Immanuel Kant is often credited with laying the first tile in the mosaic of liberal international relations theory. However, his Perpetual Peace of 1795 was written 82 years after Abbé De Saint-Pierre published Project for Settling a Perpetual Peace in Europe. His Reverence lacked faith in balances of power and peace treatises arguing instead for a peaceful cooperative union of states which he referred to (possibly the first to do so) as a European Union. This project required each monarch to give up their imperial designs and submit to a congress that had the power to punish those who broke rank. Controversially, this power would extend to stifling unrest within states.
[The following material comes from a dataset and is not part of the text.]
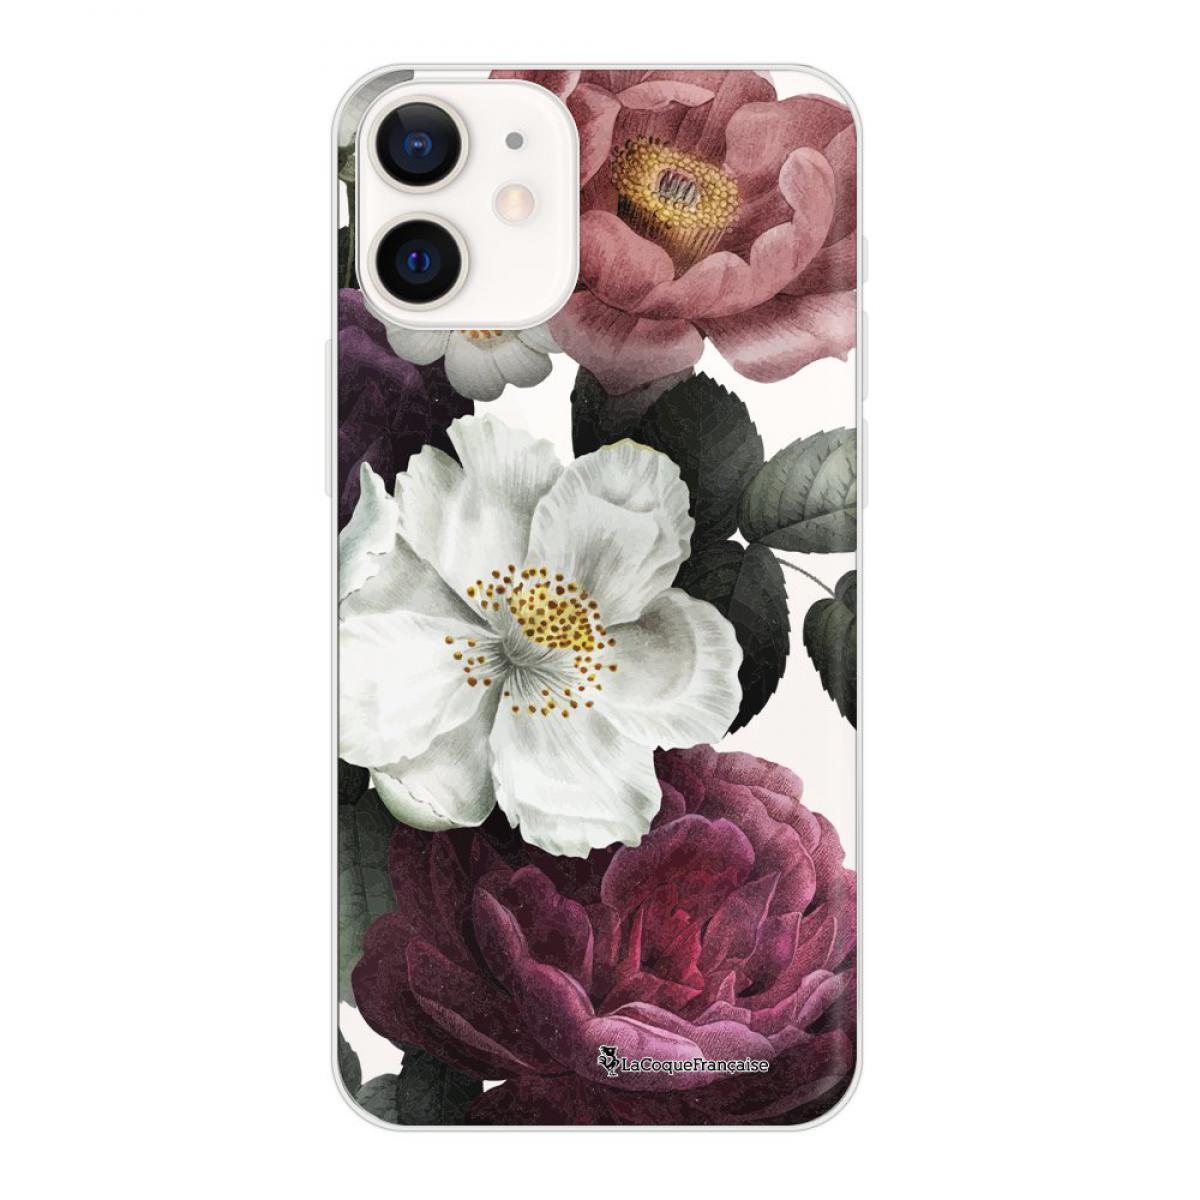 La Coque Francaise - Coque iPhone 12 mini souple transparente Fleurs roses Motif Ecriture Tendance La Coque Francaise - Coque, étui smartphone

As such, his work was not well received. In the eyes of Kings, he spat in the face of absolutism, and in the eyes of the common man, he wished for the King’s boot to be forever placed upon their necks.

What Kant did was to reconcile this project for inter-state peace with the equality of all people as he saw it. Having read a copy of Rousseau’s Emile, Kant saw that the reason of states was just as the reason of individuals. This led him to the idea that war can only be averted when all people have a say in matters of state; the republic must replace the monarchy. Kant’s thesis, known as democratic peace theory, has not yet been disproved as no democratic republic has ever gone to war with another. Following Kant, economic liberals such as Adam Smith, David Ricardo and Richard Cobden discussed the role of trade in securing economic ties between nations which, they said, would bring the good life to all. States should willingly seek to avert war to preserve these mutual gains. Jeremy Bentham went as far as to argue that “between the interests of nations there is nowhere any real conflict.”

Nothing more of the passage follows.